There are some collaborations I’d like to do that are on my wish list. Some achievable, others maybe hard to make happen. I am a huge fan of Robbie Fulks and would love to work with him at some point. So too Joe Henry. Joe nearly produced the third MDC album but logistics and finances prevented it. Still, maybe in the future.
There is a song on the album co-written with Jackie Leven and you have helped to put together a tribute to him and his work. Was that something that had its own rewards as project?
It did. Like all tribute albums, it is an eclectic mix but it sounds fabulous and there are some stunning versions of Jackie’s songs on it. The album looks wonderful too. Sarah Brisdion, who did the art for it, I used for THE STRUGGLE design too.

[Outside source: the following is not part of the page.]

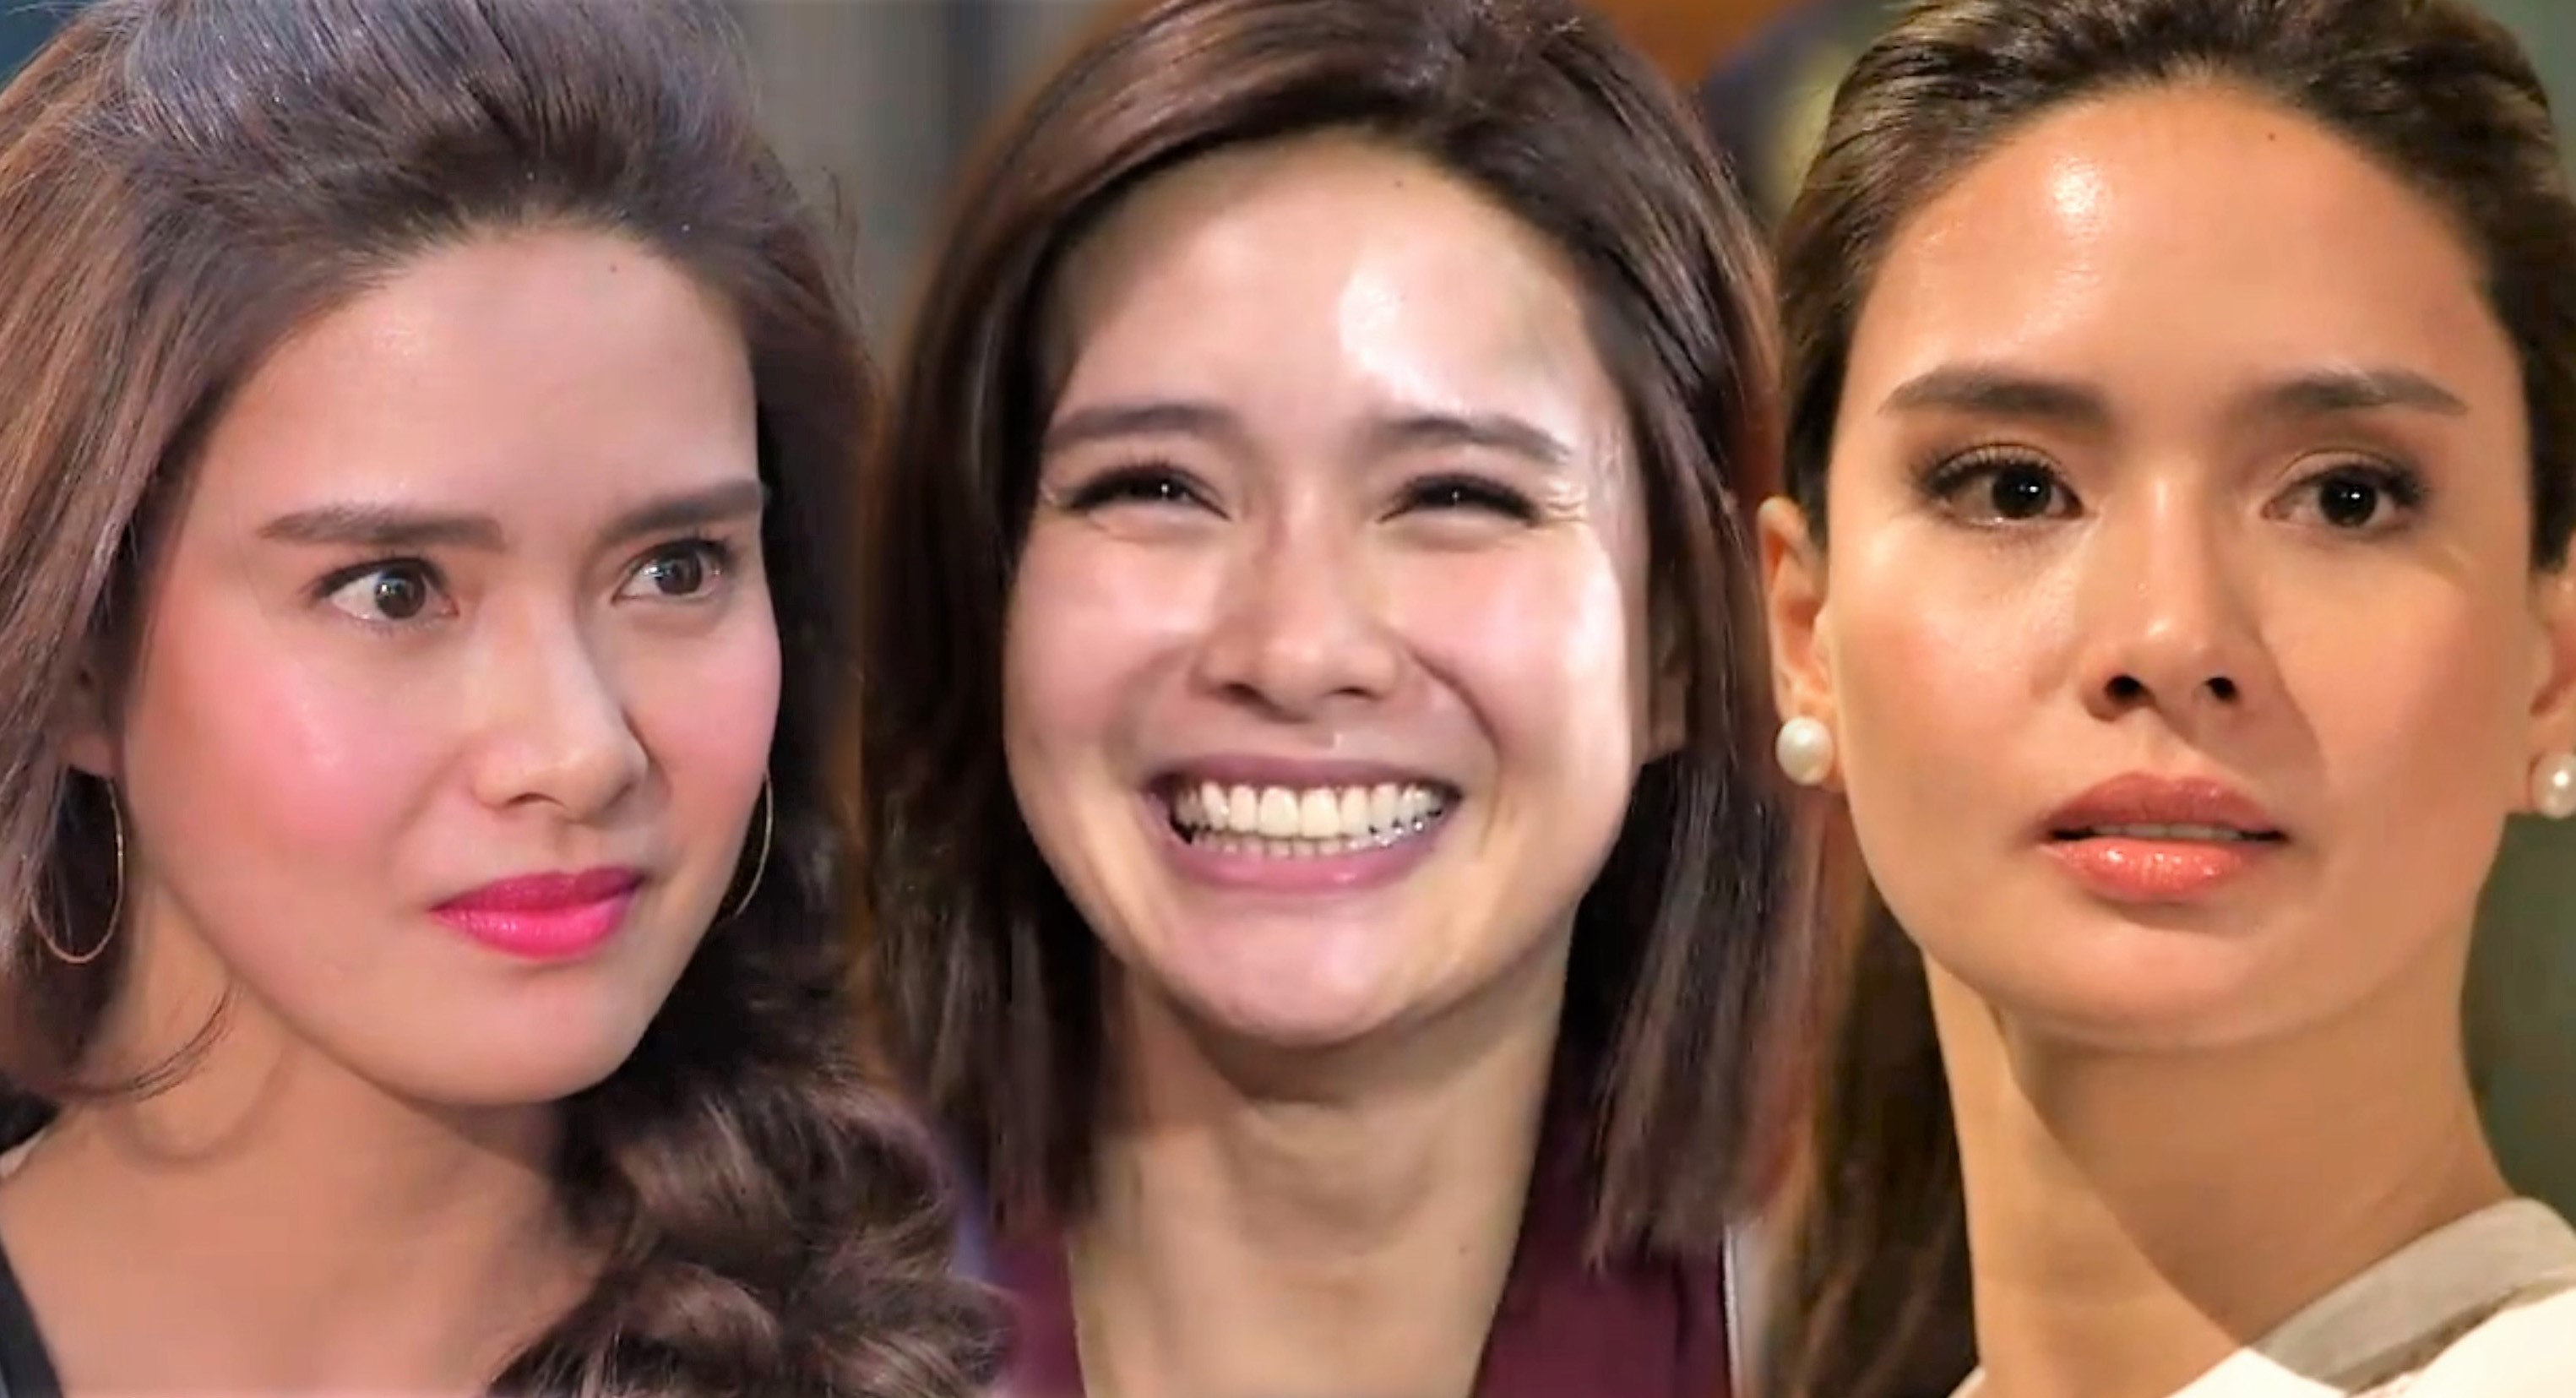 ...Kazakhstan.Starring Erich Gonzales, The Blood Sisters revolves around tr...

Pulling the album together brought it’s own frustrations. I was angry nothing had been done sooner and it looked like nothing was going to happen, so I decided I had better do it. Frustrating too, as some artists (no names) I genuinely thought would get involved declined or didn’t even respond but, that aside, it was wonderful to get such a positive feedback from many fellow musicians, fans and admirers of Jackie who were keen to contribute. And then, once the process began, to have songs drop into my mail box was like Christmas Day every day. I am proud of it and would urge everyone to check it out. A gorgeous double vinyl version recently came out for Record Store Day too.
What’s next for you and My Darling Clementine?
The road. Two years of not playing live means I/we have a lot to catch up on. Since Feb 2022, My Darling Clementine have toured Europe, UK and the east coast /mid west of America. More UK and Euro touring is coming before summer. Back to US later in the year too
I will continue to promote THE STRUGGLE and there will be more solo shows too. At the ones played so far, Clovis and I have performed the whole album, which has been really enjoyable. More of those for sure. Lou and I are also looking to do some shows with Steve Nieve in July, as we never got to tour the COUNTRY DARKNESS album when it came out. As for new recordings, the next album will be an MDC album, though I am not sure what direction we are going with that. Or maybe it is Lou’s turn for a solo album? And if so then, maybe, I will get one of those books completed!!
I am also currently working on and contributing vocals to an album project with Mark Brend (aka Ghostwriter). Very much an experimental sound-scape project based around hymns and even some “youth praise choruses” from our 1970’s church days. It is a curious project but what I have heard so far is fabulous. Mark is a really inventive guy and I love what he has done in remixing some of my songs, most recently his remix of Weight Of The World on the new album.
So, will keep on keeping on, seeing what life throws at me, and what new musical avenues I can wander down. Right now though, a pint of Guinness and lunch with my grown-up kids is my immediate concern.